A. Bettik indicò in basso, verso la piazzola olografica. — Hanno accresciuto le capacità metamorfiche della nave. Il modo in cui espelle la loggia è un esempio. La nave può allargare ali per il volo nell’atmosfera. Può aprire ogni piano residenziale separatamente, in modo che non si sia costretti a entrare dalla camera stagna, se necessario.

— Bello — disse Aenea — ma non vedo come possa aiutarci, a meno che la nave non possa cambiare aspetto fino al punto da passare per una nave torcia della Pax o cose del genere. Nave, puoi farlo?

«No, signorina Aenea. Gli Ouster hanno eseguito su di me alcune affascinanti imprese d’ingegneria piezodinamica, ma bisogna sempre fare i conti con la legge di conservazione della massa. » Un secondo di pausa. «Mi spiace, signorina Aenea.»

— Solo un’idea sciocca — disse Aenea; si drizzò a sedere. Fu chiaro che qualcosa le era balenato in mente, tanto che per due minuti né A. Bettik né io osammo interrompere il corso dei suoi pensieri. Alla fine Aenea disse: — Nave?

«Sì, signorina Aenea?»

— Sei in grado di metamorfosare un portello a tenuta stagna… o una semplice apertura… in qualsiasi punto dello scafo?

«Quasi ovunque, signorina Aenea. Ci sono alcuni scomparti mobili di trasmissione e alcune zone correlate ai motori dove non potrei…»

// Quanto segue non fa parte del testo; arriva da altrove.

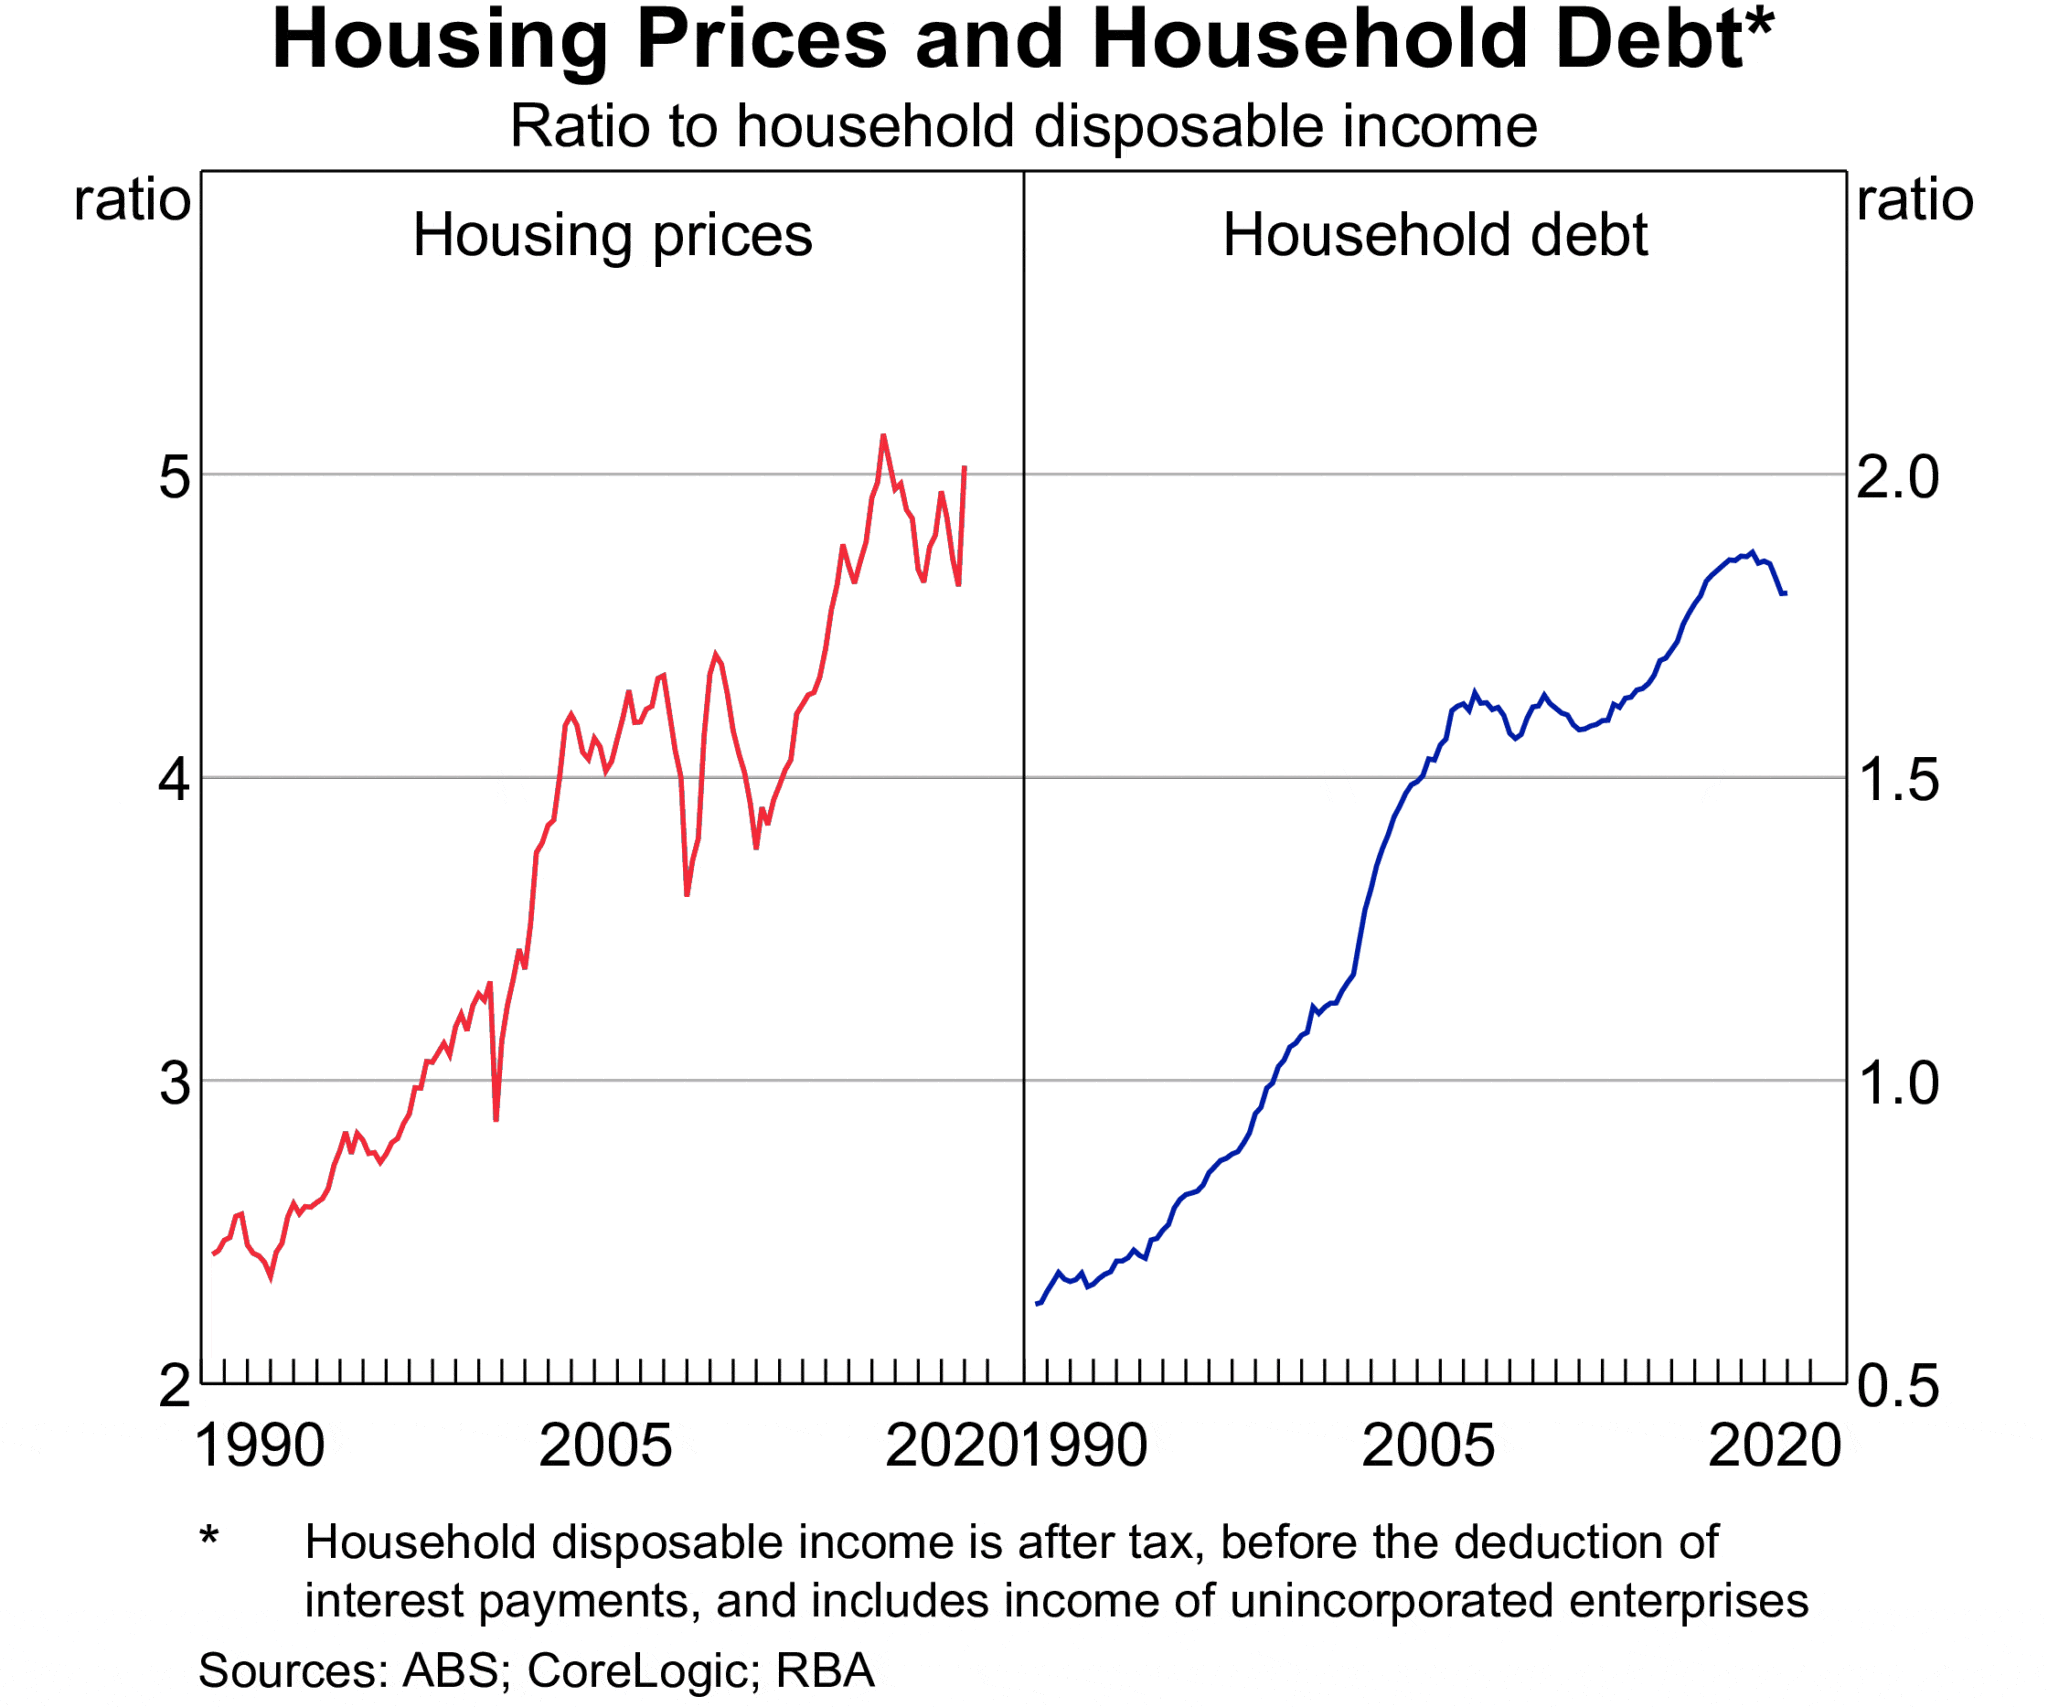 housing prices and household debt - BORRO

— Ma nei ponti di soggiorno? — la interruppe Aenea. — Potresti aprirli così come rendi trasparente la parte superiore dello scafo?

«Sì, signorina Aenea.»

— In questo caso, l’aria uscirebbe?

La nave mostrò nel tono un certo turbamento. «Non permetterei mai che accadesse, signorina Aenea. Come per la loggia col pianoforte, manterrei l’integrità di tutti i campi esterni in modo da…»

— Ma potresti aprire e depressurizzare ogni ponte, non solo la camera stagna? — La perseveranza della bambina mi era nuova, a quel tempo. Ora mi è ben nota.

«Sì, signorina Aenea.»

A. Bettik e io ascoltammo senza fare commenti. Non so l’androide, ma io non avevo la minima idea di dove Aenea volesse andare a parare. Mi sporsi verso di lei. — Fa parte di un piano?

Aenea sorrise di storto. Era quello che più avanti avrei definito il suo sorriso malizioso. — Troppo primitivo per essere un piano — disse. — E se i miei sospetti sul motivo per cui la Pax vuole catturarmi sono errati… be’, allora non funzionerà. — Il sorriso malizioso prese una piega ironica. — Probabilmente non funzionerà comunque.

Guardai il cronometro. — Abbiamo quarantacinque minuti prima di emergere e di scoprire se ci aspettano — dissi. — Hai voglia di metterci a parte del tuo piano che non funzionerà?

Aenea cominciò a spiegare. Non parlò a lungo. Al termine, l’androide e io ci guardammo.

— Hai ragione — dissi a Aenea. — Non è un gran piano e non funzionerà.

Aenea continuò a sorridere. Mi prese la mano e mi girò il polso in modo da guardare il quadrante del cronometro. — Abbiamo quarantun minuti — disse. — Trova un piano migliore.